## [TASK ITEM]
Output, exactly as written, the lines below from the one that has "Al-Ammari for real" through the one that has "Imágenes de alta"; nothing else, and no pictures.

## [INFORMATION GIVEN]
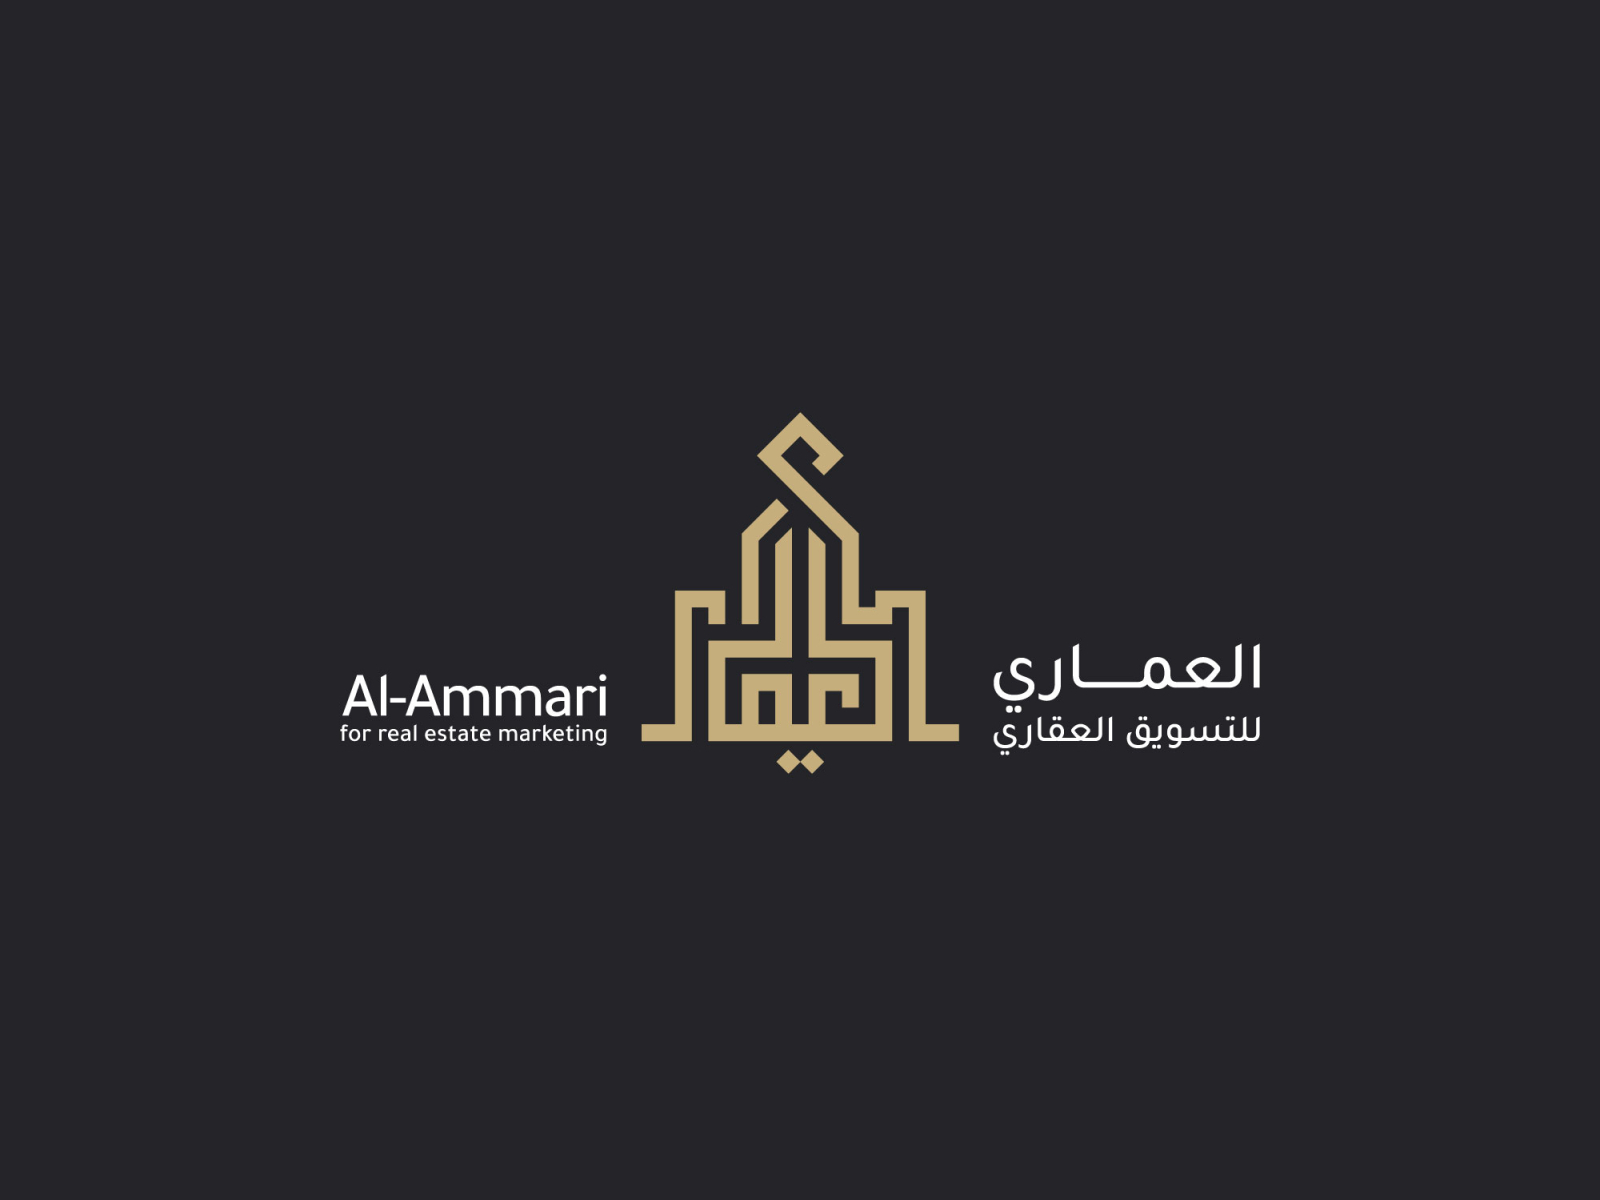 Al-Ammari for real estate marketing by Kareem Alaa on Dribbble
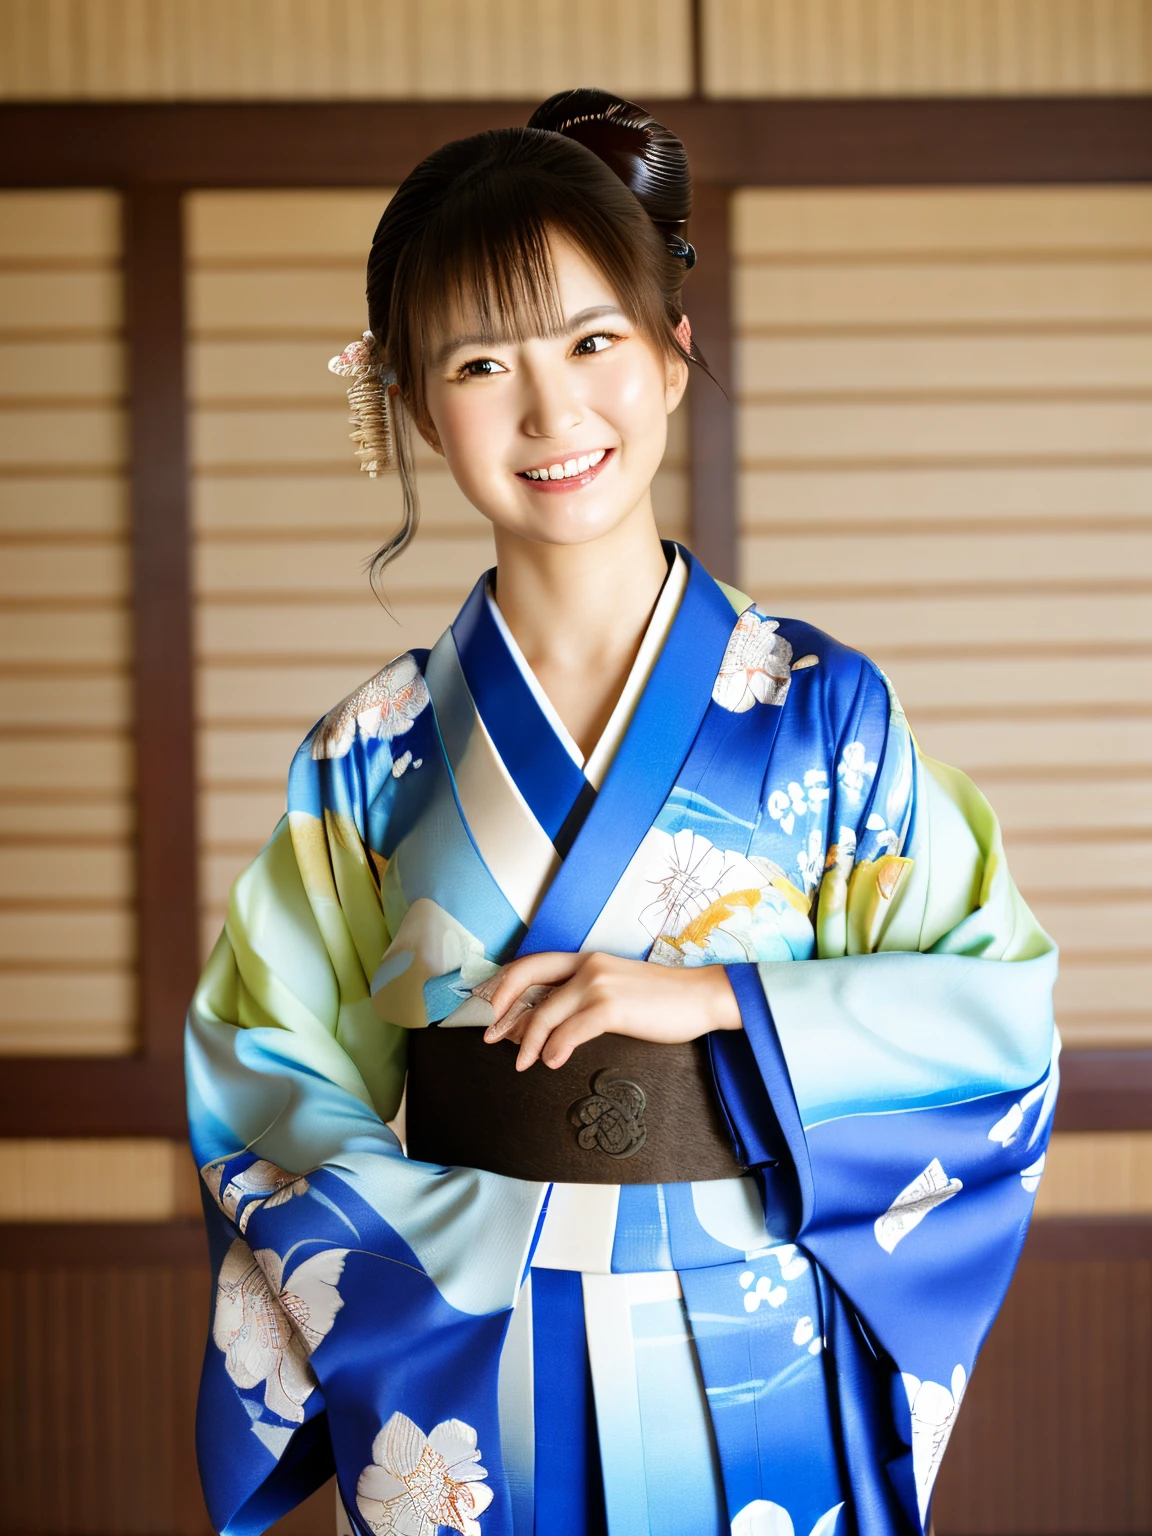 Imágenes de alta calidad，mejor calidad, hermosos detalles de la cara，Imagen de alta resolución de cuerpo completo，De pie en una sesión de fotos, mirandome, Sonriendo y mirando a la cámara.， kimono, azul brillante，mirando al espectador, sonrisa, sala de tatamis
---
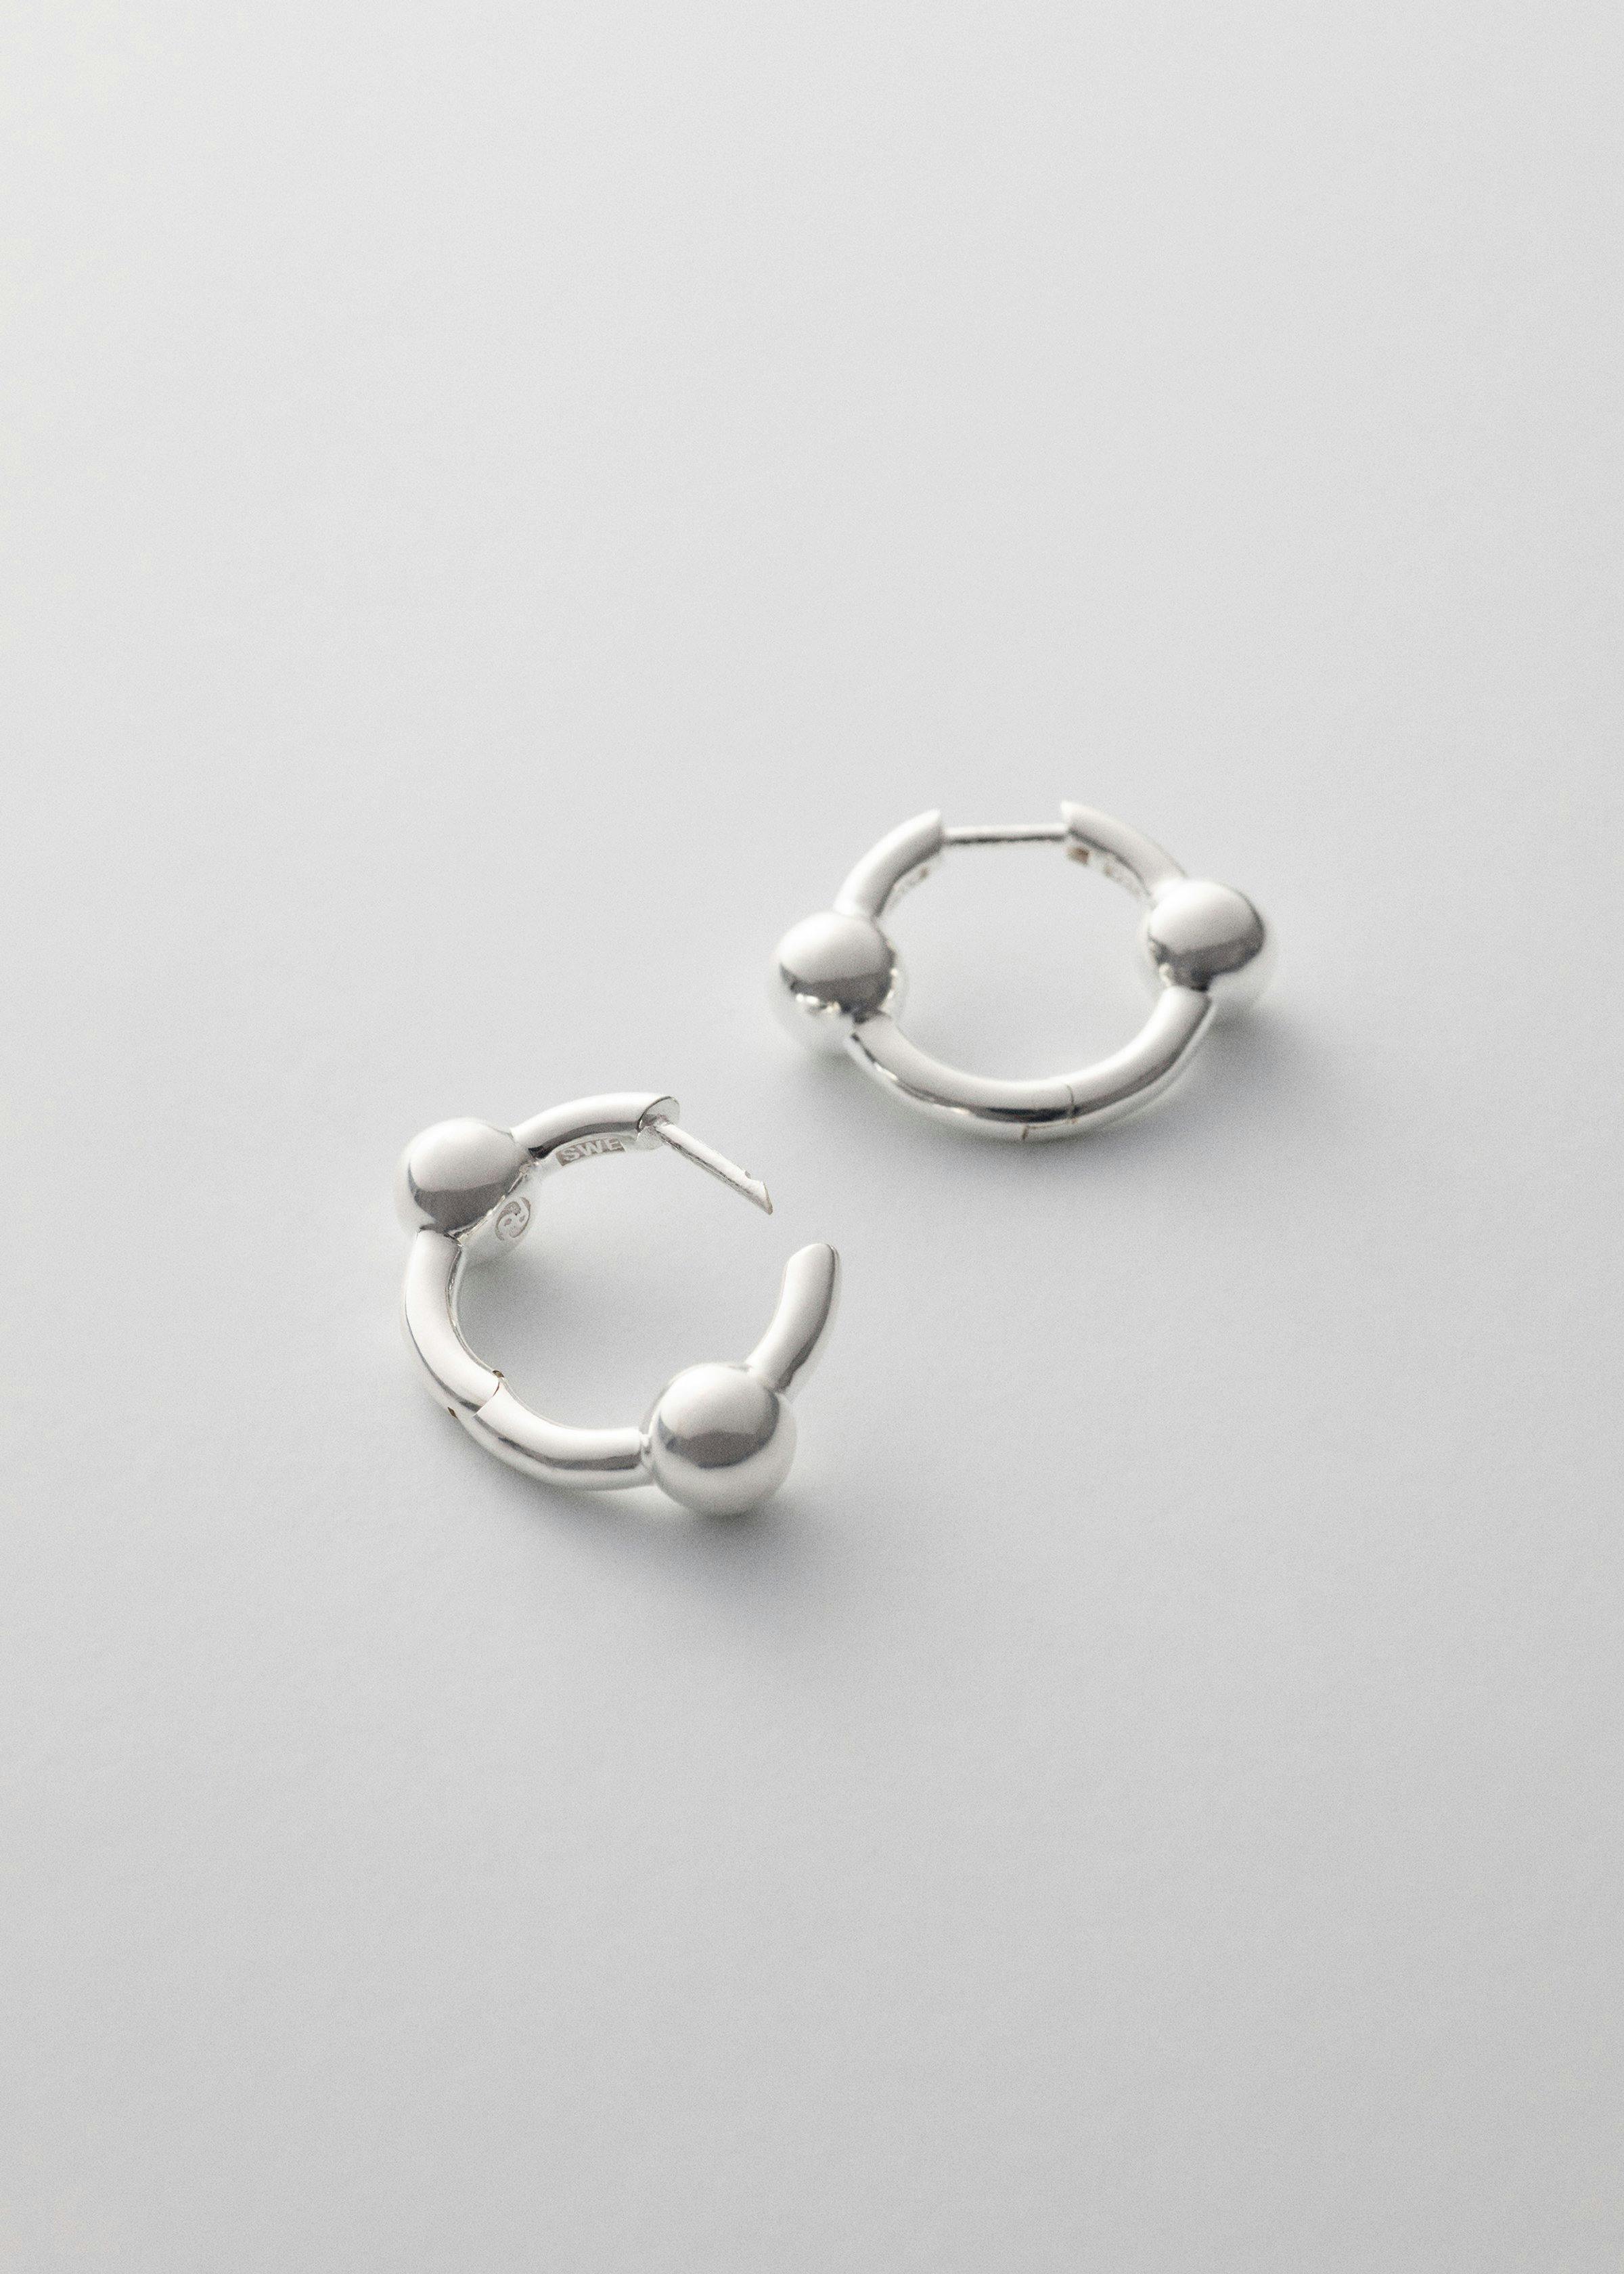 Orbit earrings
...
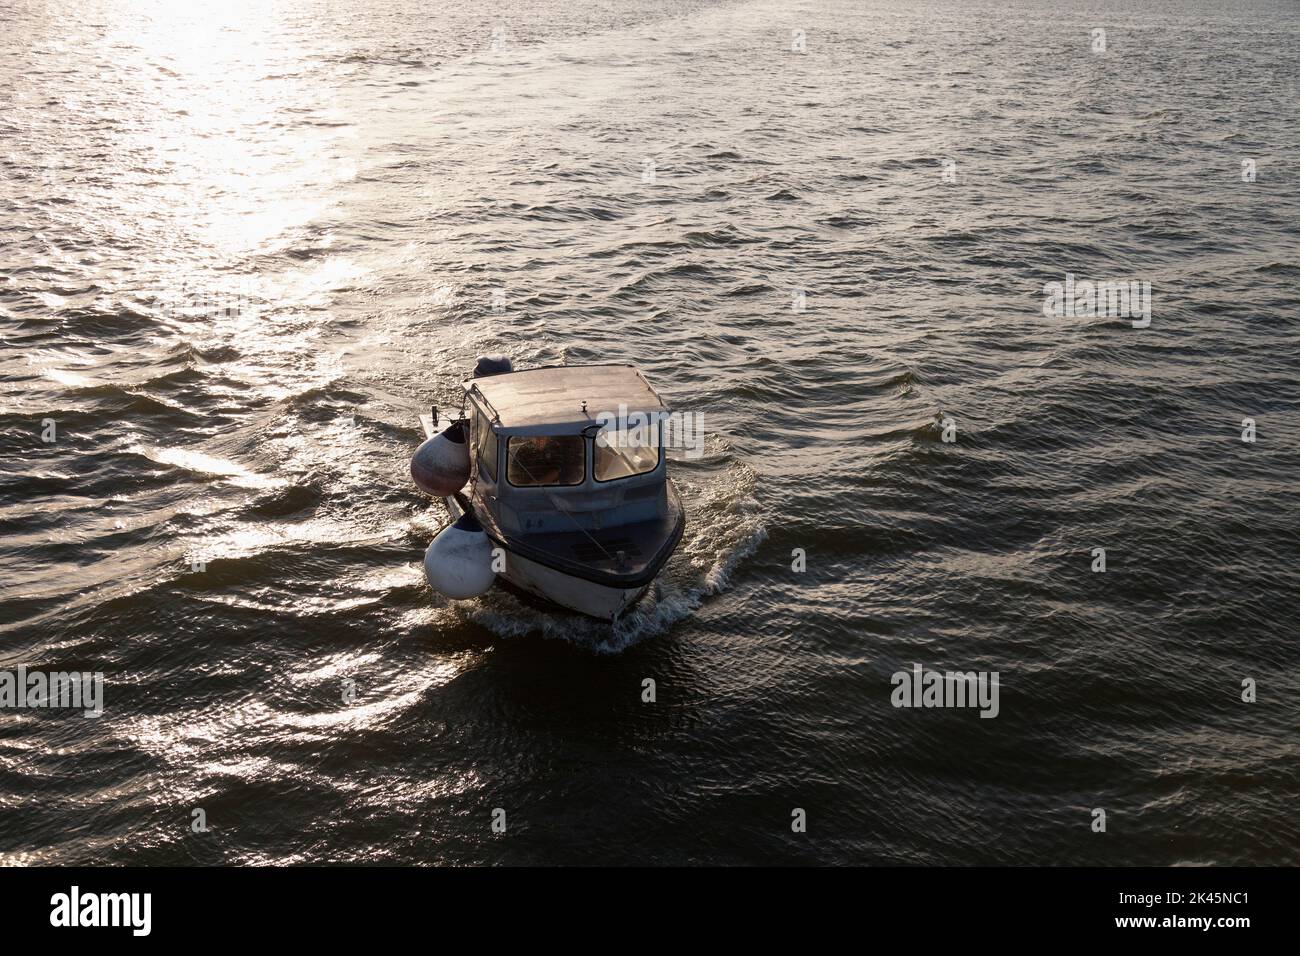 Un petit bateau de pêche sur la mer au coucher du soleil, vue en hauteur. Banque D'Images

## [OUTPUT OF THE EXERCISE]
 Al-Ammari for real estate marketing by Kareem Alaa on Dribbble
 Imágenes de alta calidad，mejor calidad, hermosos detalles de la cara，Imagen de alta resolución de cuerpo completo，De pie en una sesión de fotos, mirandome, Sonriendo y mirando a la cámara.， kimono, azul brillante，mirando al espectador, sonrisa, sala de tatamis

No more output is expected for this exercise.